Flink: SQL: Make Dynamic sink options to be configurable in SQL by swapna267 · Pull Request #15780 · apache/iceberg

swapna267 · 2026-03-26T19:29:38Z

Support following configs to be configurable from SQL for dynamic sink.

Fallback to writeproperties or Flink configuration if following are not set on DynamicRecord,

writeParallelism(int) → FlinkWriteOptions.WRITE_PARALLELISM
distributionMode -> FlinkWriteOptions.DISTRIBUTION_MODE
toBranch(String) → FlinkWriteOptions.BRANCH

Provide options to configure following behavior of Dynamic Sink in SQl

cacheMaxSize(int)
immediateTableUpdate(boolean)
dropUnusedColumns(boolean)
cacheRefreshMs(long)
inputSchemasPerTableCacheMaxSize(int)
caseSensitive(boolean)

More context here, #15471 (comment)

…d flinkconfig

mxm

Thanks @swapna267!

mxm · 2026-03-27T08:52:39Z

flink/v2.1/flink/src/main/java/org/apache/iceberg/flink/FlinkDynamicSinkConf.java

+ * specific language governing permissions and limitations
+ * under the License.
+ */
+package org.apache.iceberg.flink;


Should probably be in the dynamic package. Or should we create a config package?

mxm · 2026-03-27T08:52:51Z

flink/v2.1/flink/src/main/java/org/apache/iceberg/flink/FlinkDynamicSinkOptions.java

+ * specific language governing permissions and limitations
+ * under the License.
+ */
+package org.apache.iceberg.flink;


mxm · 2026-03-27T09:00:41Z

flink/v2.1/flink/src/main/java/org/apache/iceberg/flink/sink/dynamic/DynamicIcebergSink.java

+    FlinkDynamicSinkConf flinkDynamicSinkConf =
+        new FlinkDynamicSinkConf(writeProperties, flinkConfig);


Can we directly pass FlinkDynamicSinkConf to the constructor?

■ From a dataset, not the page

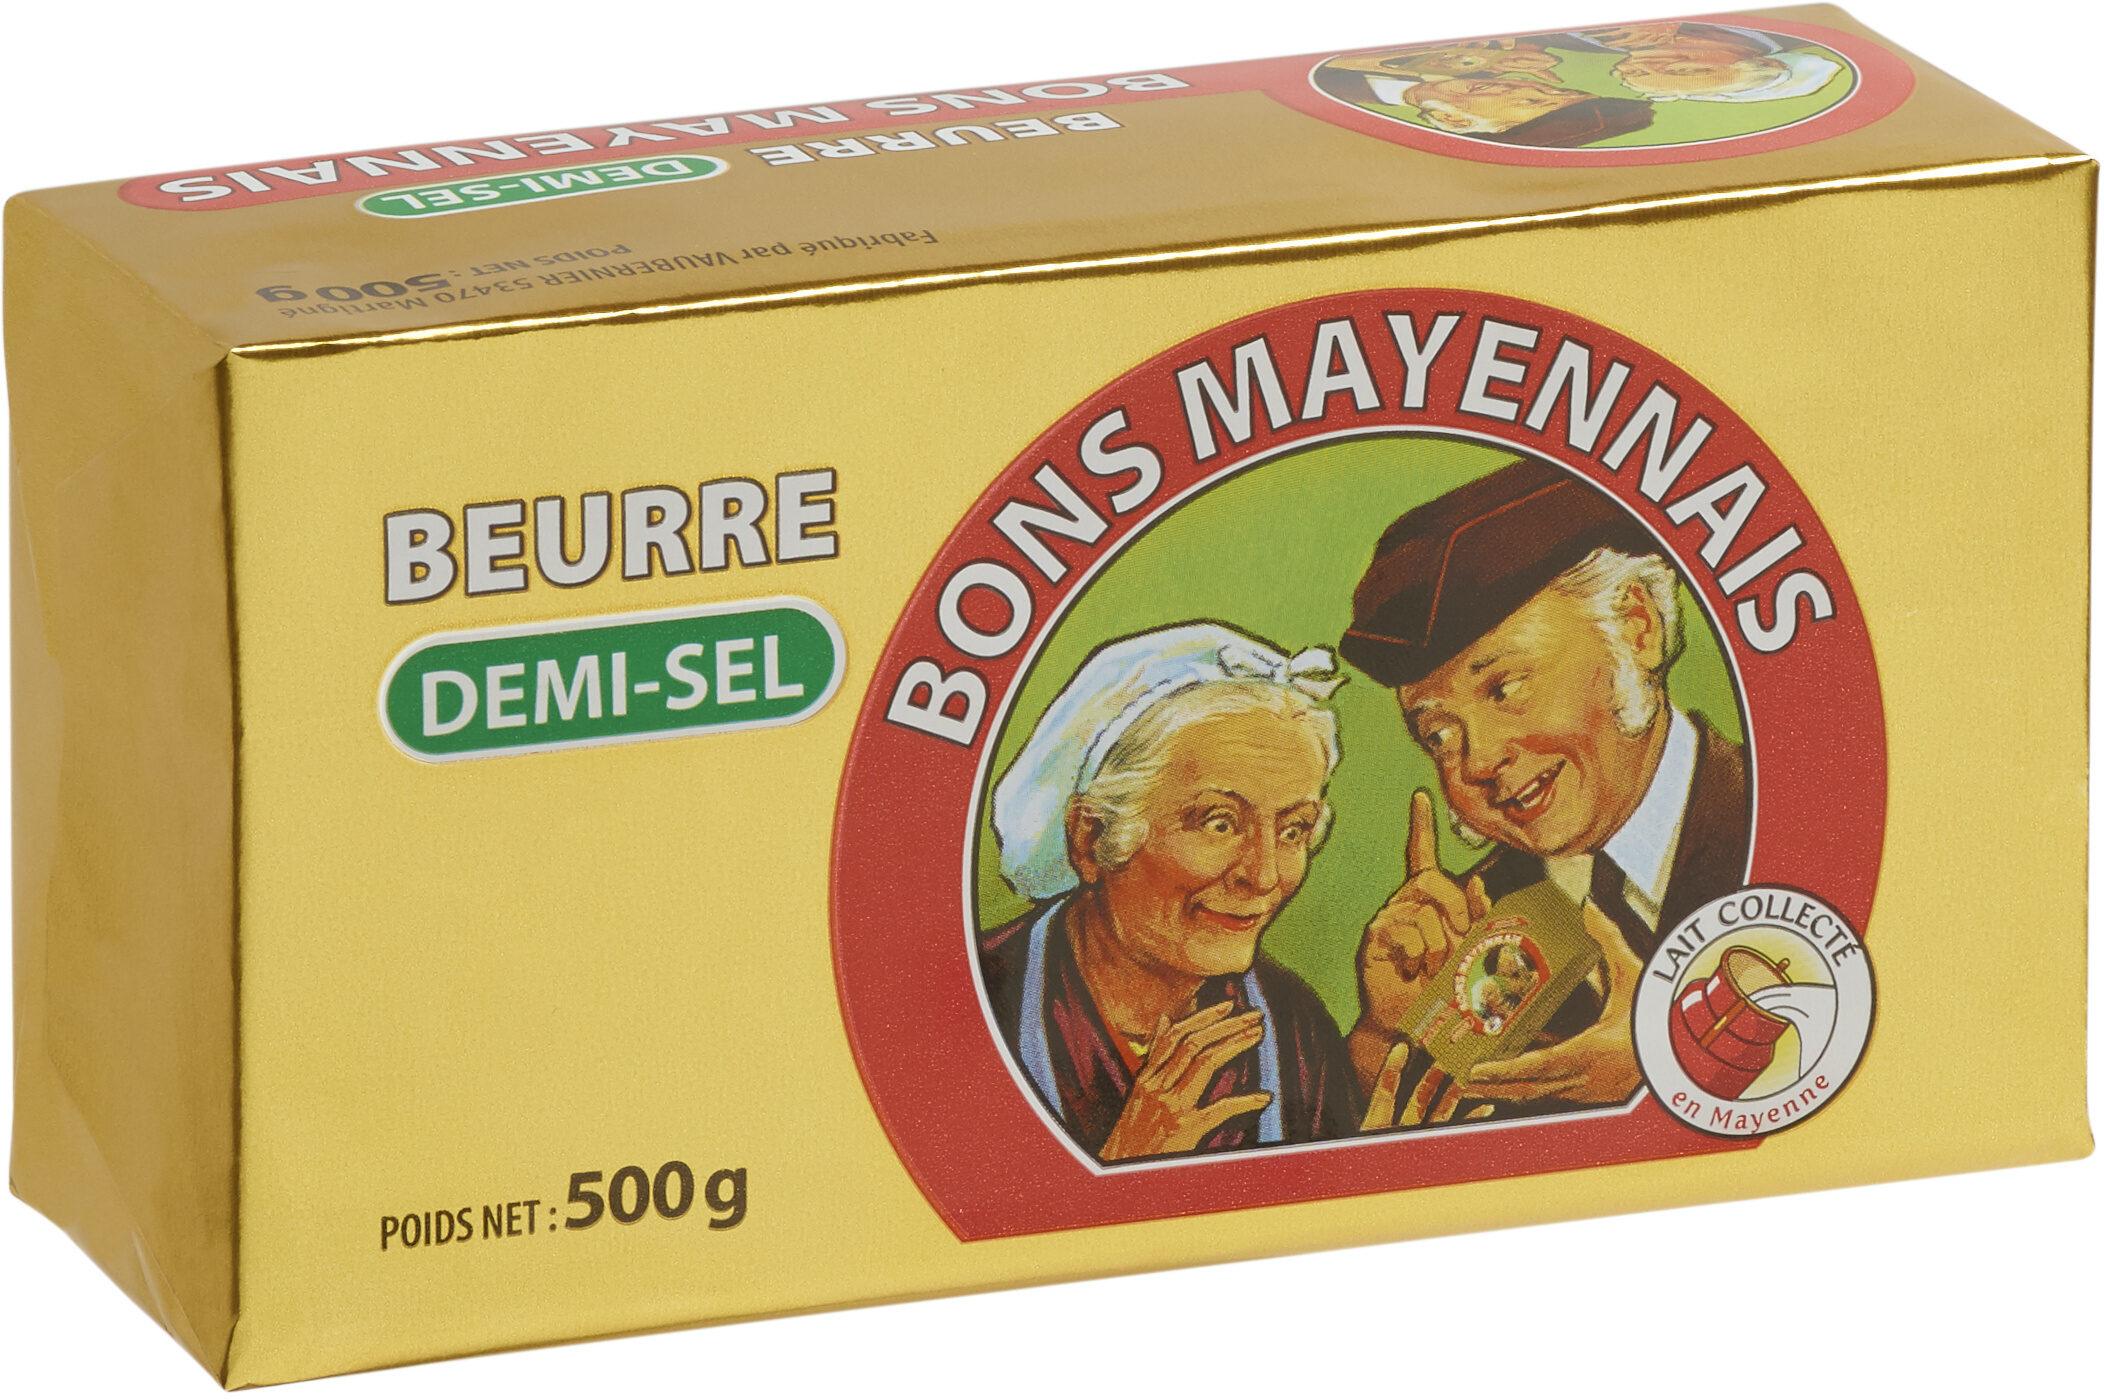 Beurre demi-sel - Produit - fr

mxm · 2026-03-27T09:01:55Z

flink/v2.1/flink/src/main/java/org/apache/iceberg/flink/sink/dynamic/DynamicIcebergSink.java

+      writeOptions.put(
+          FlinkDynamicSinkOptions.IMMEDIATE_TABLE_UPDATE.key(),
+          Boolean.toString(newImmediateUpdate));


I'm not sure this should go into WriteOptions. I think it is better to have a separate config for DynamicSink options.

With all of them written into WriteOptions, it is easier to pass these configs from SQL by using setAll(Map<String, String> properties) for DynamicIcebergSink initialization.

If we separate them, we either need to handle it in setAll or upstream users need to provide them separately.

As Dynamic sink configs are scoped with prefix dynamic-sink , should be ok to go in same map ?

Thinking about it again, it's probably ok.

mxm · 2026-03-27T09:03:25Z

...k/v2.1/flink/src/main/java/org/apache/iceberg/flink/sink/dynamic/DynamicRecordProcessor.java

+    FlinkDynamicSinkConf flinkDynamicSinkConf =
+        new FlinkDynamicSinkConf(writeProperties, flinkConfig);


Could we create the config only once and pass it to the constructor?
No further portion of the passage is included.